Monday, December 17

Eight business technology trends to watch

The McKinsey Quarterly has published an article on eight technology-enabled trends that will help shape businesses and the economy in coming years.

The authors James M. Manyika, Roger P. Roberts, and Kara L. Sprague have grouped the eight trends - which each come with their own further reading suggestions - within three broad areas of business activity: managing relationships, managing capital and assets, and leveraging information in new ways. Obviously, the first area is most relevant for this blog. It covers four trends:

1. Distributing co-creation
Today, in the high-technology, consumer product, and automotive sectors, among others, companies routinely involve customers, suppliers, small specialist businesses, and independent contractors in the creation of new products. Outsiders offer insights that help shape product development, but companies typically control the innovation process. Technology now allows companies to delegate substantial control to outsiders—co-creation—in essence by outsourcing innovation to business partners that work together in networks.

2. Using consumers as innovators
As the Internet has evolved—an evolution prompted in part by new Web 2.0 technologies—it has become a more widespread platform for interaction, communication, and activism. Consumers increasingly want to engage online with one another and with organizations of all kinds. Companies can tap this new mood of customer engagement for their economic benefit. […]
Companies that involve customers in design, testing, marketing (such as viral marketing), and the after-sales process get better insights into customer needs and behavior and may be able to cut the cost of acquiring customers, engender greater loyalty, and speed up development cycles.
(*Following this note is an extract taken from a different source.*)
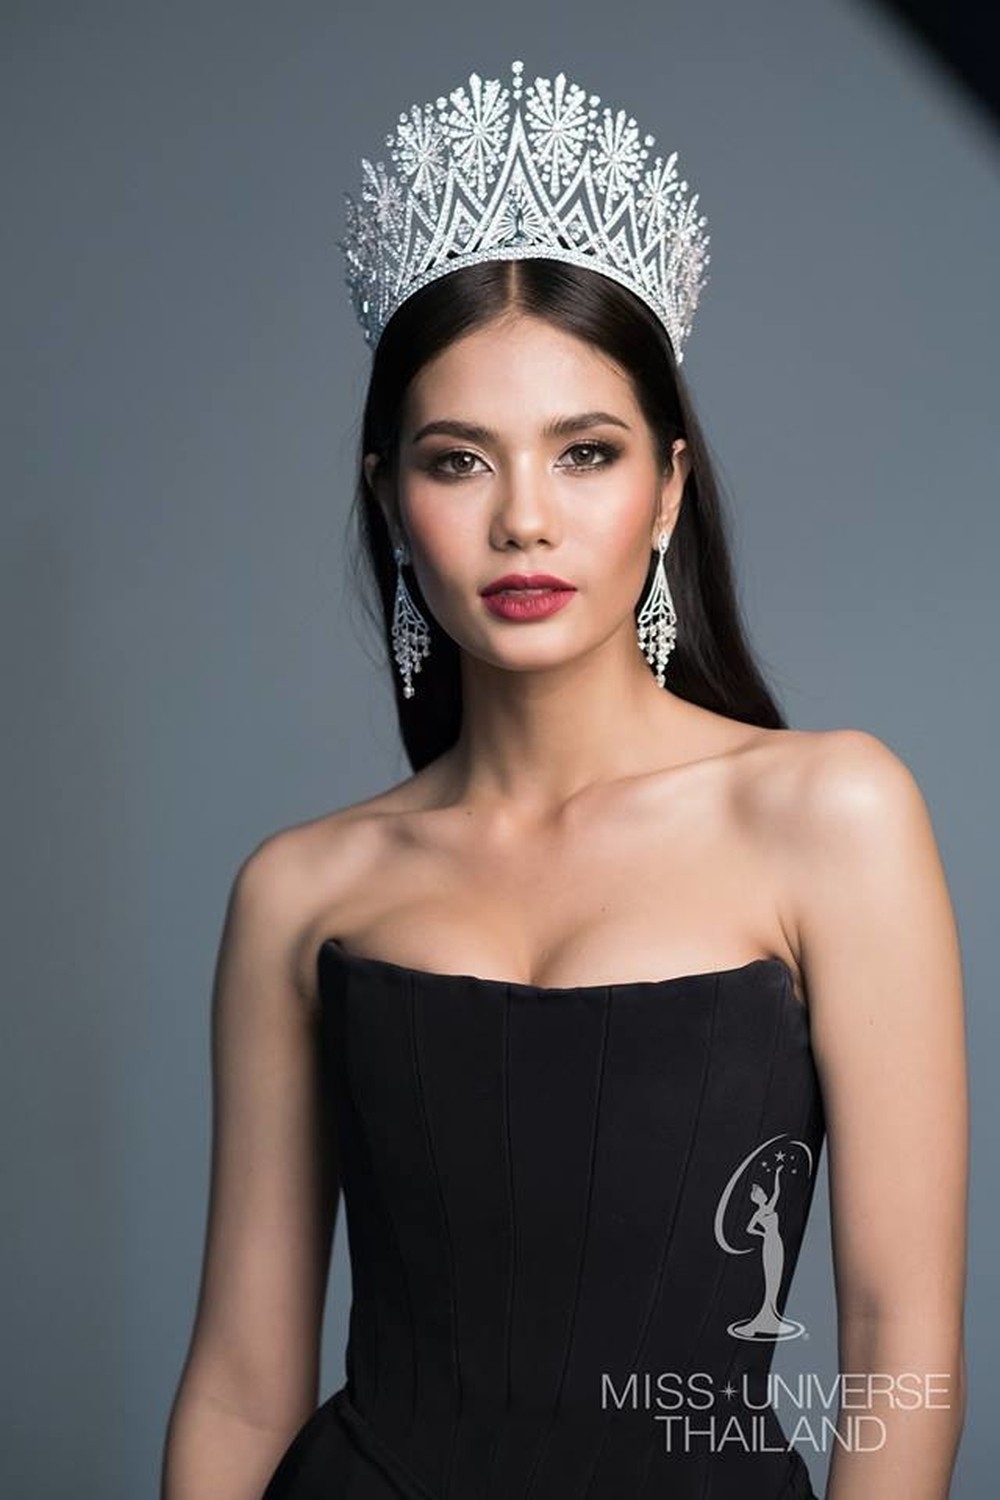 
Được biết, Chalita Suansane là người đẹp có tầm ảnh hưởng rất lớn đến giới Hoa hậu, người đẹp tại đất nước này. Cô cũng từng lọt vào Top 6 chung cuộc của Miss Universe 2016 được tổ chức ở Philippines.​

3. Tapping into a world of talent
As more and more sophisticated work takes place interactively online and new collaboration and communications tools emerge, companies can outsource increasingly specialized aspects of their work and still maintain organizational coherence. Much as technology permits them to decentralize innovation through networks or customers, it also allows them to parcel out more work to specialists, free agents, and talent networks.

4. Extracting more value from interactions
Technology tools that promote tacit interactions, such as wikis, virtual team environments, and videoconferencing, may become no less ubiquitous than computers are now. As companies learn to use these tools, they will develop managerial innovations—smarter and faster ways for individuals and teams to create value through interactions—that will be difficult for their rivals to replicate.